The ability to accept partial specifications from SageBrush is enabled by a rich object representation of the components of graphic displays, including their syntax (i.e., their spatial and structural relationships) and semantics (i.e., how they indicate the correspondenc between data and graphics). The representation allows SAGE to produce combinations of a wide variety of 2D graphics (e.g. charts, tables, map-like coordinate systems, text-outlines, networks). The representation also enables SAGE to support SageBook in its searches for previous data-graphics that have particular graphical elements specified by users.
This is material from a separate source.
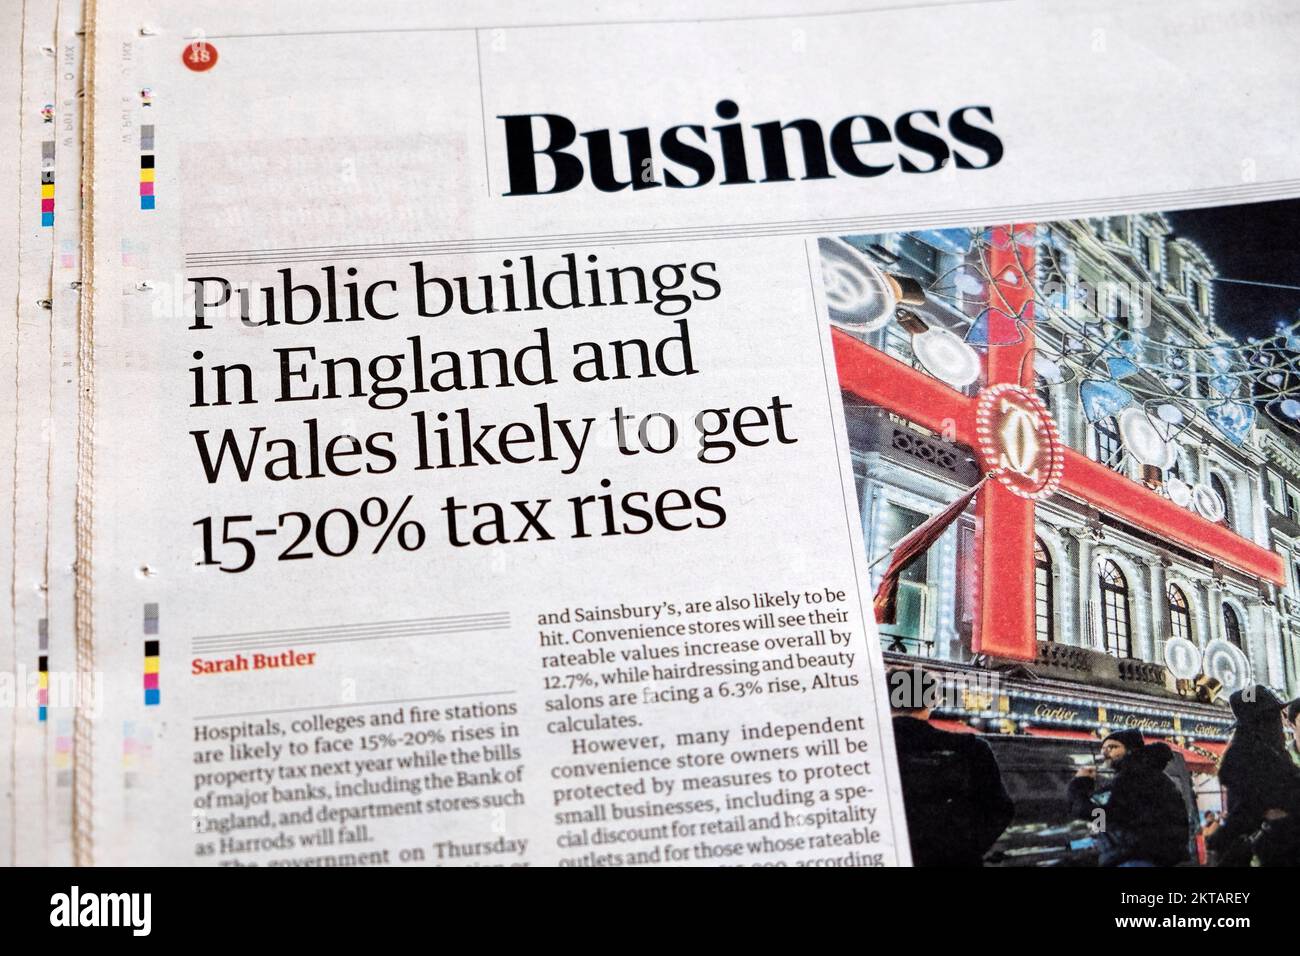 'Public buildings in England and Wales likely to get 15% 20% tax rises' Guardian Business section newspaper headline property tax rise article 2022 UK Stock Photo

We are currently extending SageTools so that every data- graphic becomes an interface for manipulating data, allowing the user to produce effective visualizations of large data sets. Utilizing dynamic query techniques, SageTools can provide sliders and selectors that enable users to control the visibility of data-elements. Painting and brushing techniques can allow users of SageTools to coordinate data-elements across multiple regions of a picture, thus enhancing SageTools' integrative capabilities. Aggregation and decomposition techniques can allow users to control the level of detail at which data is presented. Finally, new visualization techniques, such as animation and three-dimensional representation and navigation, can enhance the power of SageTools' graphical repertoire.

By combining the use of a knowledge-based automatic presentation system, a direct manipulation constructive interface, and a content-based browser, SageTools provides a paradigm for collaboration between human and automated designers. This paradigm supports the complementary processes of constructing data-graphics by selecting and arranging graphical elements, and of constructing data-graphics by browsing and customizing previous cases, illustrating the power of using such an interdisciplinary approach.